Release notes#

v1.2.1 (unreleased)#

New Features#

  • Added a .nbytes accessor method which displays the bytes needed to hold the virtual references in memory. (GH167, PR227) By Tom Nicholas.

  • Sync with Icechunk v0.1.0a8 (PR368) By Matthew Iannucci <https://github.com/mpiannucci>. This also adds support for the to_icechunk method to add timestamps as checksums when writing virtual references to an icechunk store. This is useful for ensuring that virtual references are not stale when reading from an icechunk store, which can happen if the underlying data has changed since the virtual references were written.

Breaking changes#

  • Passing group=None (the default) to open_virtual_dataset for a file with multiple groups no longer raises an error, instead it gives you the root group.
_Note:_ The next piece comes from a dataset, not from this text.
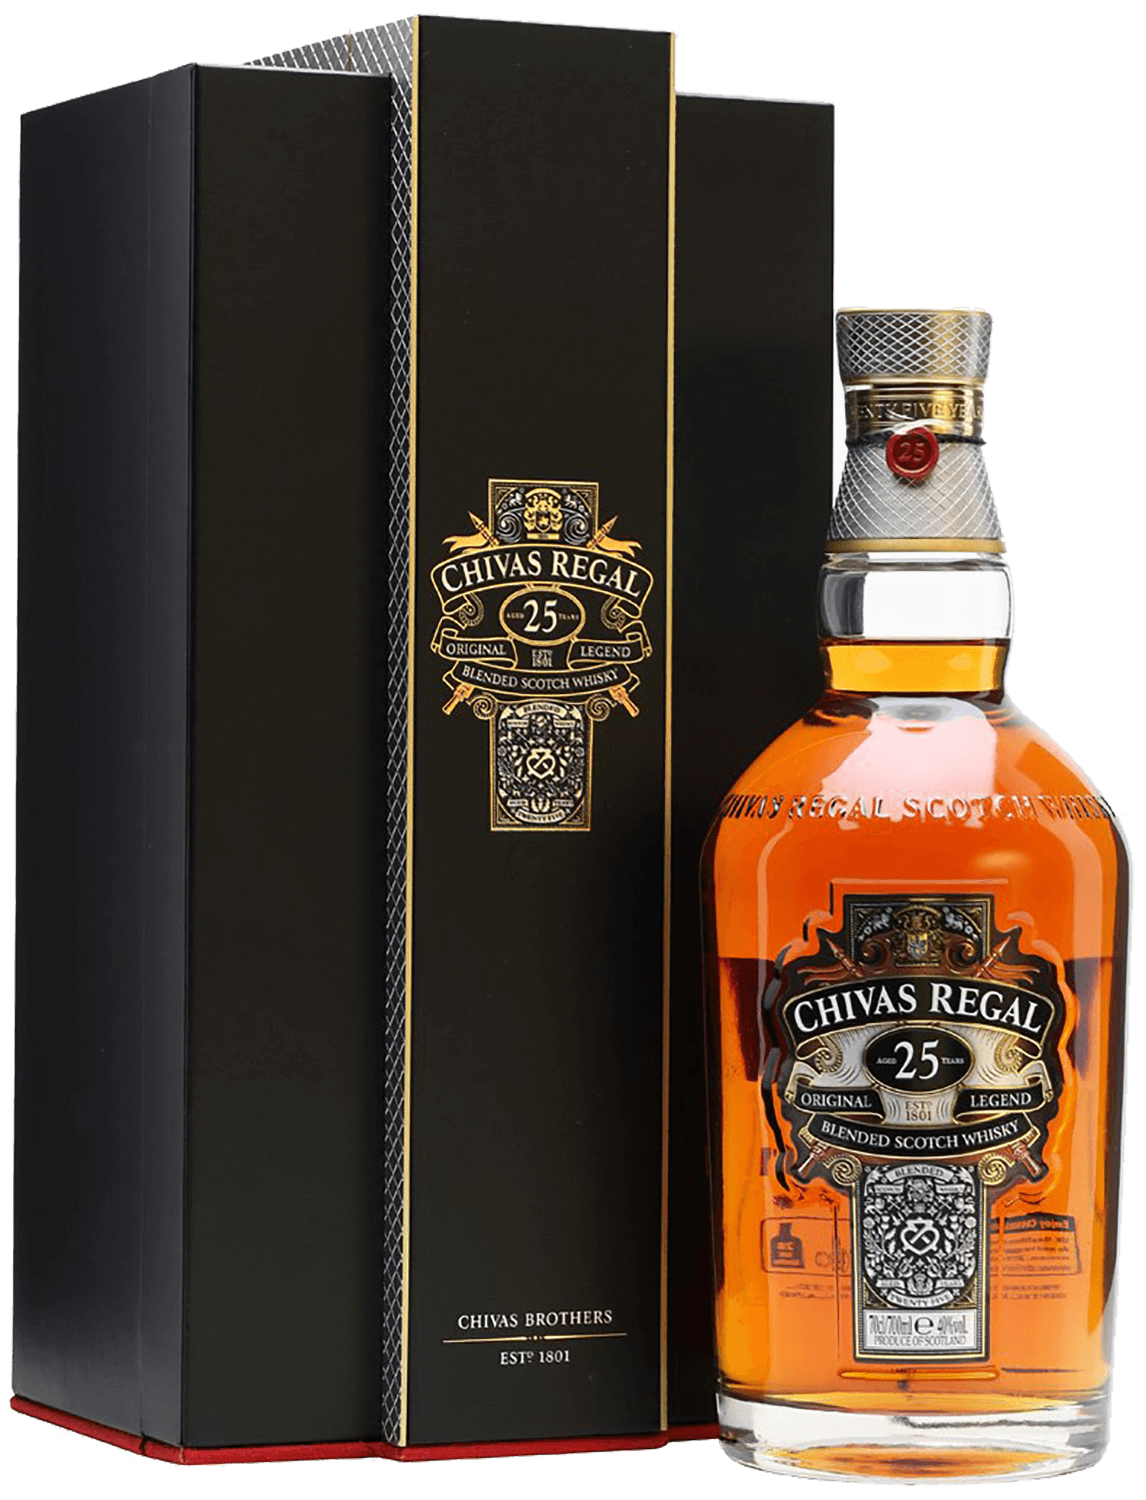 Chivas Regal 25 y.o. blended scotch whisky (gift box) chivas regal extra blended scotch whisky gift box

This new behaviour is more consistent with xarray.open_dataset. (GH336, PR338) By Tom Nicholas.

  • Indexes are now created by default for any loadable one-dimensional coordinate variables. Also a warning is no longer thrown when indexes=None is passed to open_virtual_dataset, and the recommendations in the docs updated to match. This also means that xarray.combine_by_coords will now work when the necessary dimension coordinates are specified in loadable_variables. (GH18, PR357, PR358) By Tom Nicholas.

Deprecations#

Bug fixes#

  • Fix bug preventing generating references for the root group of a file when a subgroup exists. (GH336, PR338) By Tom Nicholas.

  • Fix bug in dmrpp reader so _FillValue is included in variables’ encodings. (PR369) By Aimee Barciauskas.

  • Fix bug passing arguments to FITS reader, and test it on Hubble Space Telescope data. (PR363) By Tom Nicholas.

Documentation#

  • Change intro text in readme and docs landing page to be clearer, less about the relationship to Kerchunk, and more about why you would want virtual datasets in the first place. (PR337) By Tom Nicholas.

Internal Changes#

v1.2.0 (5th Dec 2024)#

This release brings a stricter internal model for manifest paths, support for appending to existing icechunk stores, an experimental non-kerchunk-based HDF5 reader, handling of nested groups in DMR++ files, as well as many other bugfixes and documentation improvements.

New Features#

  • Add a virtual_backend_kwargs keyword argument to file readers and to open_virtual_dataset, to allow reader-specific options to be passed down. (PR315) By Tom Nicholas.

  • Added append functionality to to_icechunk (PR272) By Aimee Barciauskas.

Breaking changes#

  • Minimum required version of Xarray is now v2024.10.0. (PR284) By Tom Nicholas.

  • Opening kerchunk-formatted references from disk which contain relative paths now requires passing the fs_root keyword argument via virtual_backend_kwargs. (PR243) By Tom Nicholas.

Deprecations#

Bug fixes#

  • Handle root and nested groups with dmrpp backend (PR265) By Ayush Nag.

  • Fixed bug with writing of dimension_names into zarr metadata. (PR286) By Tom Nicholas.

  • Fixed bug causing CF-compliant variables not to be identified as coordinates (PR191) By Ayush Nag.

Documentation#

  • FAQ answers on Icechunk compatibility, converting from existing Kerchunk references to Icechunk, and how to add a new reader for a custom file format. (PR266) By Tom Nicholas.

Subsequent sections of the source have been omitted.